Nov. 30, 2009—The University of Toledo Medical Center (UTMC) is using an active RFID system that transmits over a ZigBee wireless mesh network to track more than 1,000 assets in several buildings throughout its hospital campus. The system, the hospital reports, provides it with greater visibility into its assets and leased equipment, thereby saving it money.

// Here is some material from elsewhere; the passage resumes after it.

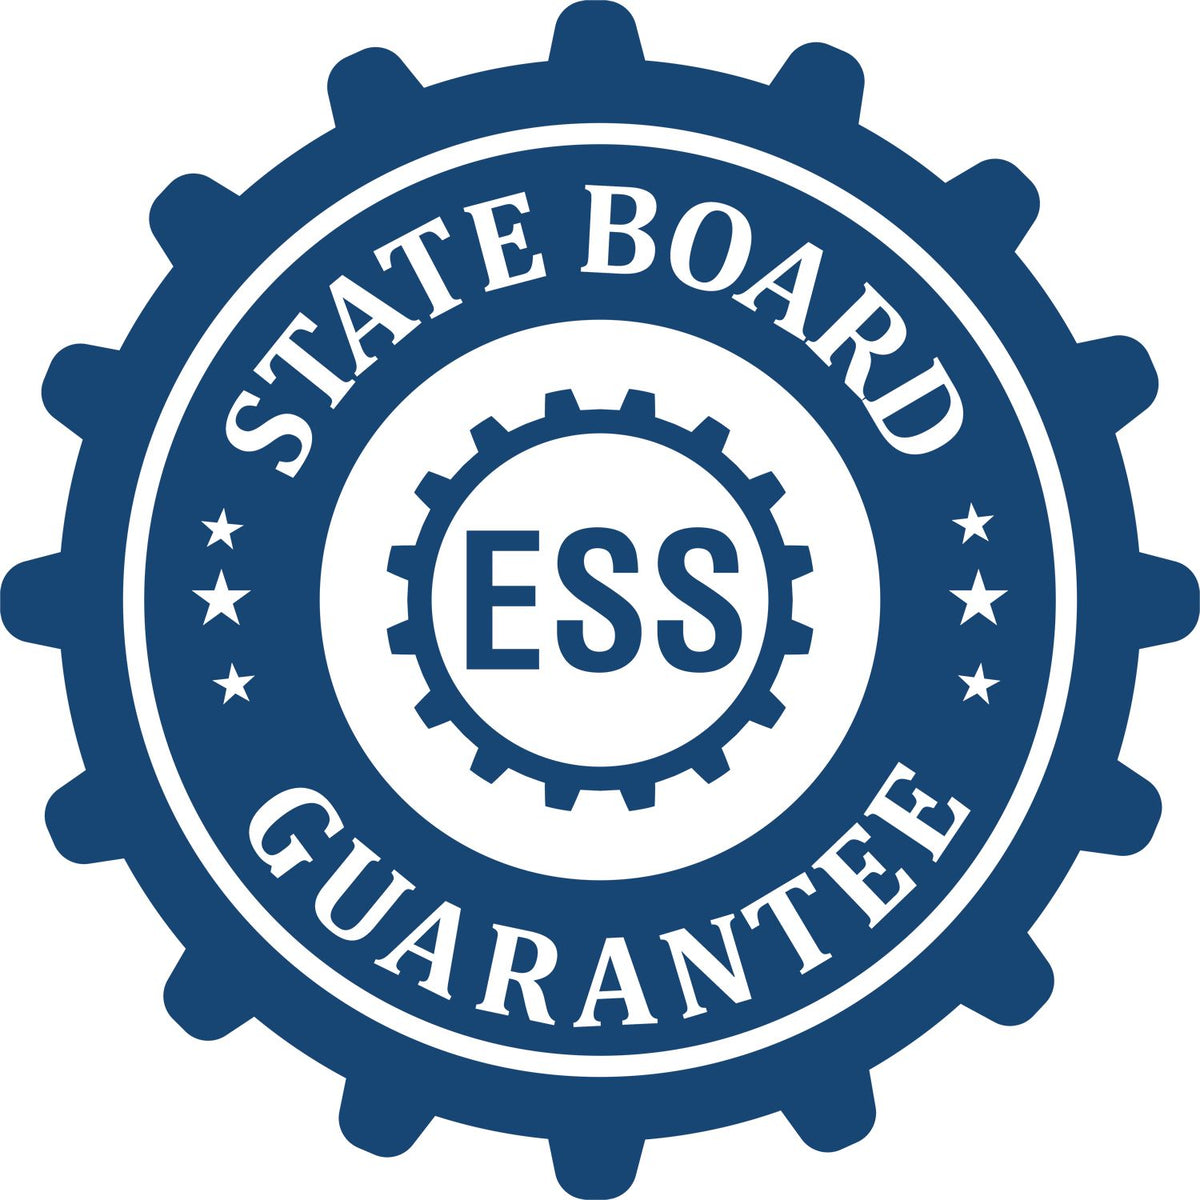 An emblem in a gear shape illustrating a state board guarantee for the Heavy-Duty Illinois Rectangular Notary Stamp product.

"We had a problem with equipment disappearing, and we needed to find a way to stop that," says Steven Hanenkrath, UTMC's manager of technology support. The hospital did not want a solution that would require the installation of new infrastructure (such as RFID readers) or the expansion of its existing wireless Wi-Fi network by adding access points in locations where Wi-Fi-based RFID tags could not be read.

RTLS provider Awarepoint offered another option: deploying tag readers known as sensors around the facility by plugging them directly into 120-volt outlets. Awarepoint's sensors and battery-powered tags transmit their unique ID numbers over the IEEE 802.15.4 (ZigBee) communications protocol, thus enabling them to function as transceivers. Each communicates with others through the mesh networking protocol until their data is received by an Awarepoint bridge, which utilizes a cabled Ethernet connection to route the data to Awarepoint software running on the hospital's server. The software then pinpoints each tag's location via triangulation and signal strength.

In 2008, Awarepoint first set up sensors and a bridge in a conference room area to demonstrate the technology, after which UTMC chose to install the system at its six-story hospital, as well as in portions of two other facilities where assets were stored or used—the central supply area in one building's basement, and the library room in which training with equipment is undertaken in another. The resulting installation of the Awarepoint Real-Time Awareness Solution covers 700,000 to 800,000 square feet, Hanenkrath says, in which Awarepoint's software pinpoints the location of tags within one to three meters (3.3 to 9.9 feet).

In spring 2008, the hospital initially tagged 1,000 assets, including IV pumps, patient-controlled analgesia (PCA) pumps, telemetry transmitters and continuous positive air pressure machines (CPAPs). Last month, Awarepoint ordered 1,500 additional asset tags and 50 temperature-monitoring tags, thus expanding the deployment to include more assets, as well as refrigerators and freezers. In addition, the hospital installed a total of 676 sensors, each with a read range of 750 to 1,000 square feet, and 40 bridges.